通过查看每个稀疏矩阵的注释,特别是在我们的例子中是 csc 矩阵,它具有文档中列出的以下优点[1]

  • efficient arithmetic operations CSC + CSC, CSC * CSC, etc.
  • efficient column slicing
  • fast matrix vector products (CSR, BSR may be faster)
  • 高效的算术运算 CSC + CSC、CSC * CSC 等。
  • 高效的列切片
  • 快速矩阵向量乘积(CSR、BSR可能更快)

If you have the column indices you want to remove, just use slicing. For removing rows use csr matrix since it is efficient in row slicing

如果您有要删除的列索引,只需使用切片。删除行使用 csr 矩阵,因为它在行切片中很有效

回答by Micha?
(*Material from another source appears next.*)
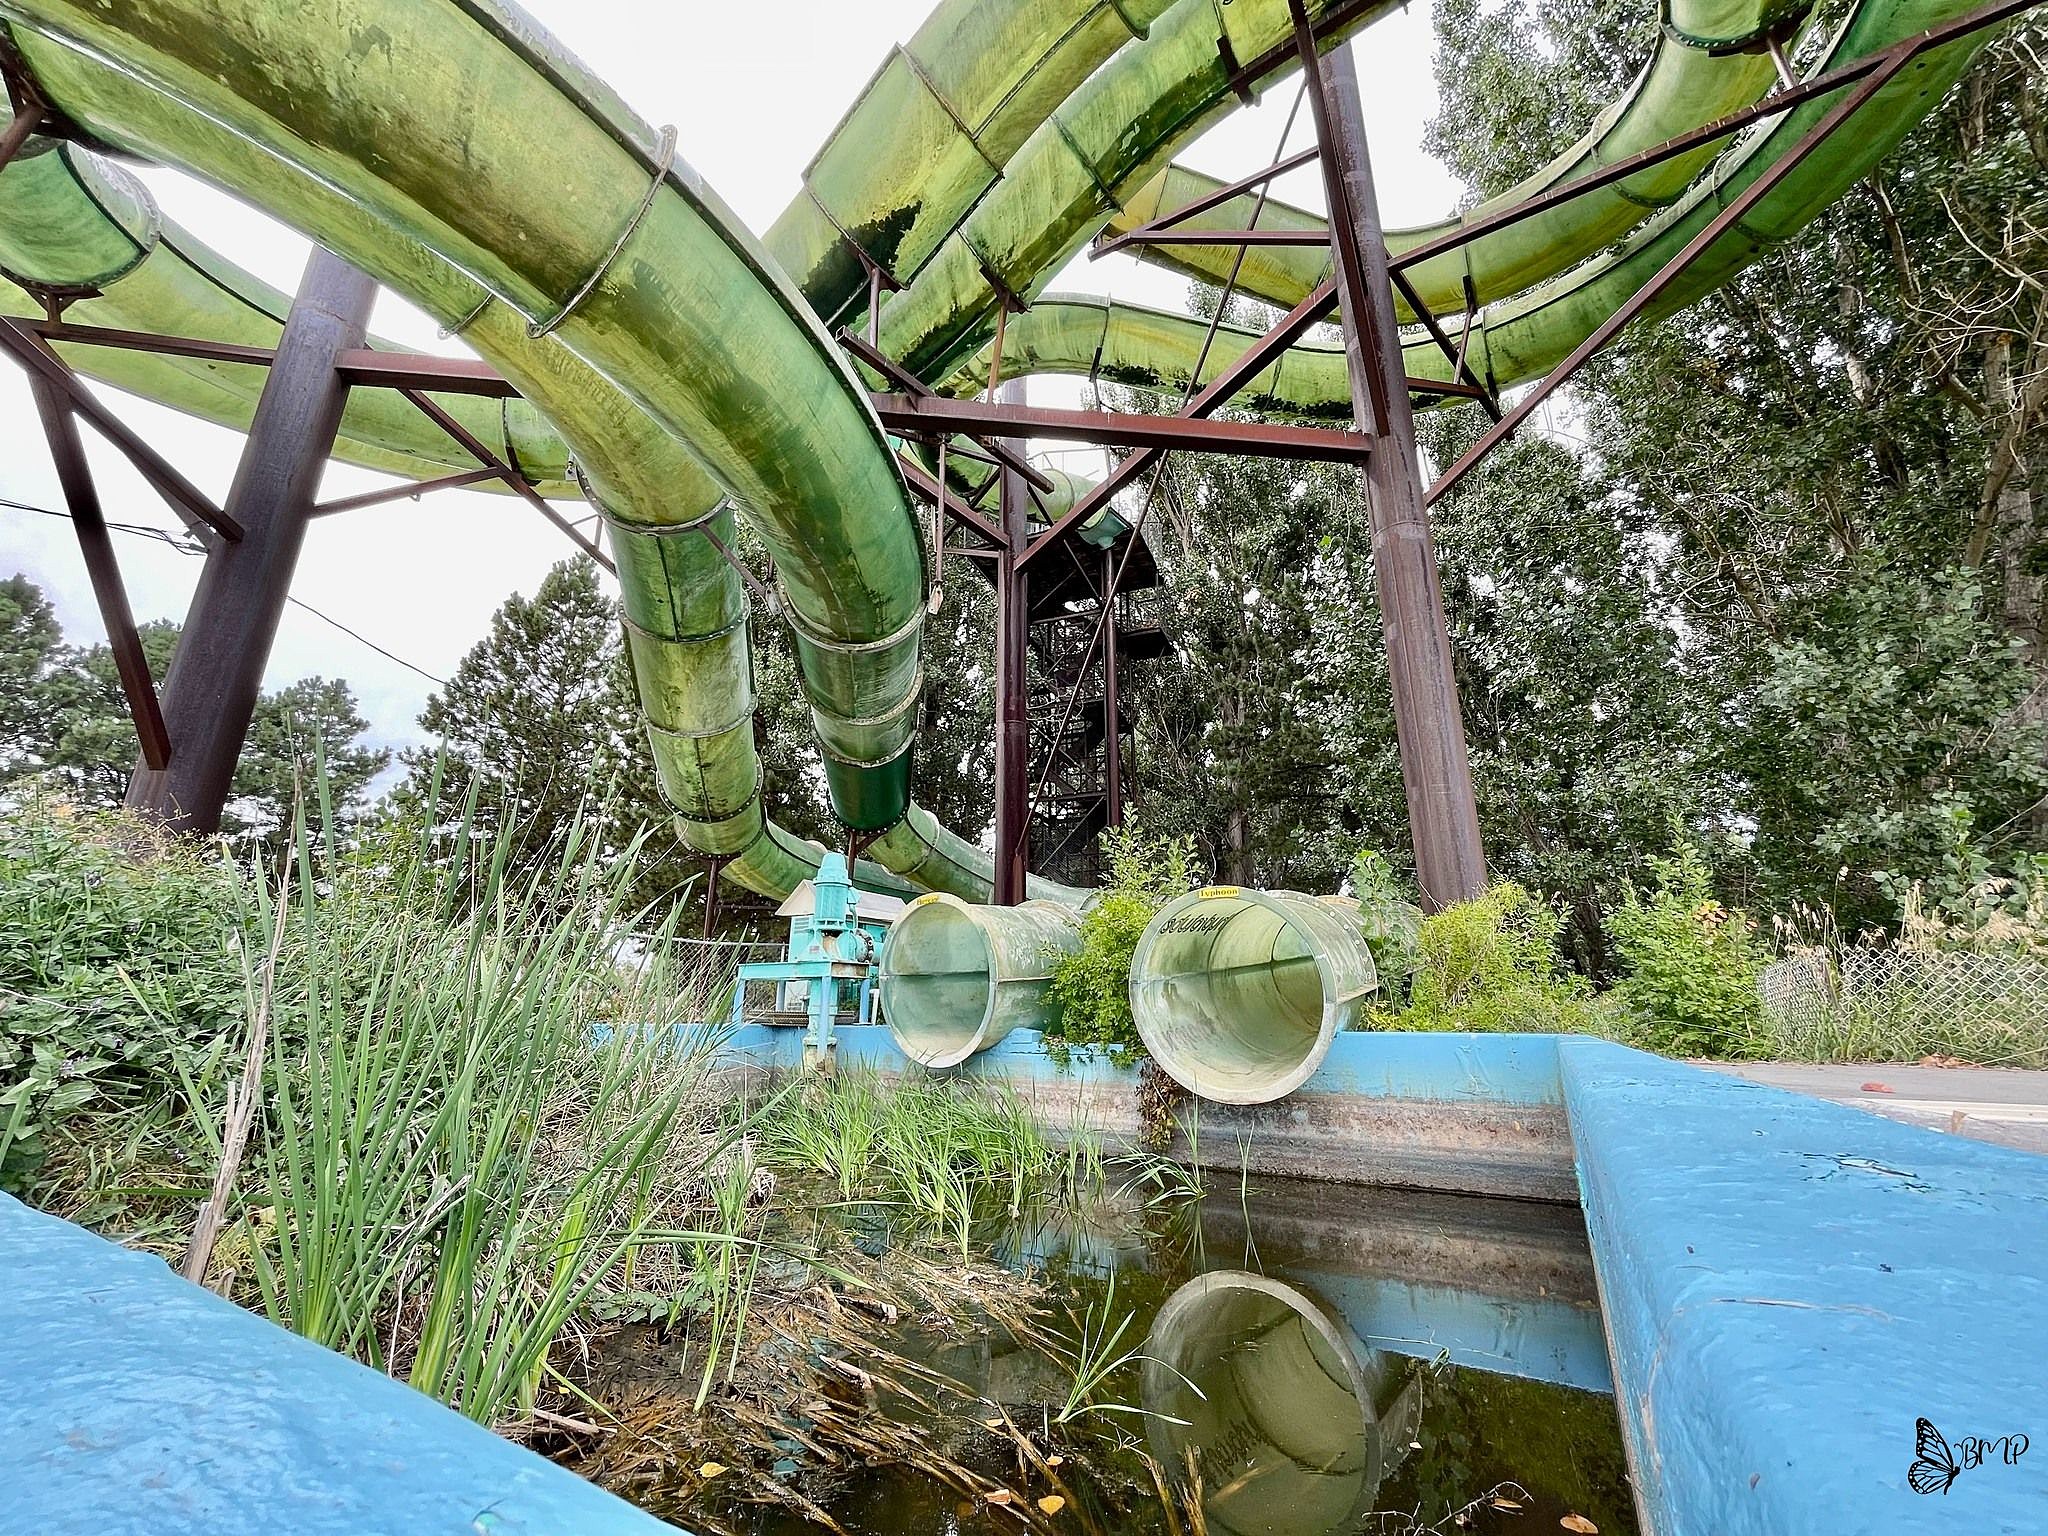 abandoned Wet N Wild waterpark in Las Vegas
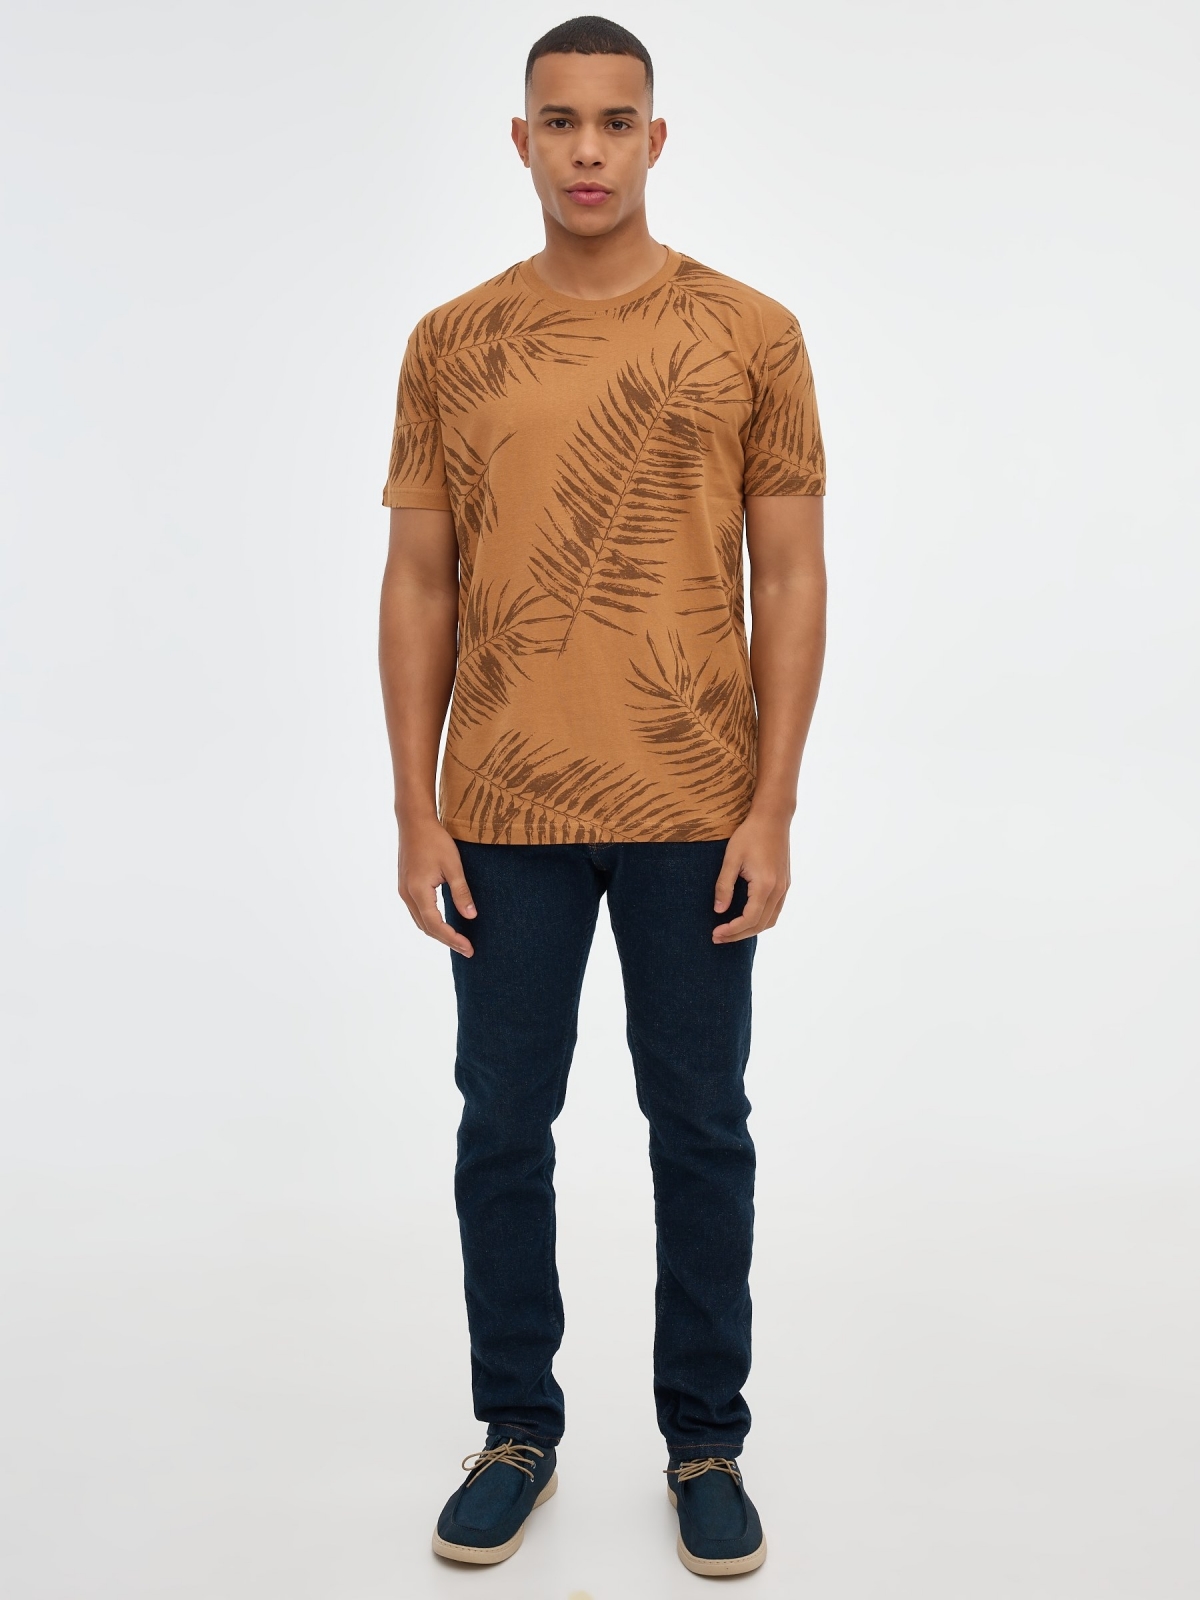 Camiseta print hojas palmeras marrón claro vista general frontal

Meina


def removecols(W, col_list):
        if min(col_list) = W.shape[1]:
                raise IndexError('column index out of bounds')
        rows = W.rows
        data = W.data
        for i in xrange(M.shape[0]):
            for j in col_list:
                pos = bisect_left(rows[i], j)
                if pos == len(rows[i]):
                        continue
                elif rows[i][pos] == j:
                        rows[i].pop(pos)
                        data[i].pop(pos)
                        if pos == len(rows[i]):
                                continue
                for pos2 in xrange(pos,len(rows[i])):
                        rows[i][pos2] -= 1
        W._shape = (W._shape[0], W._shape[1]-len(col_list))
        return W

Just rewrote your code to work with col_list as input - maybe this will be helpful for somebody.

只需重写您的代码以使用 col_list 作为输入 - 也许这对某人有帮助。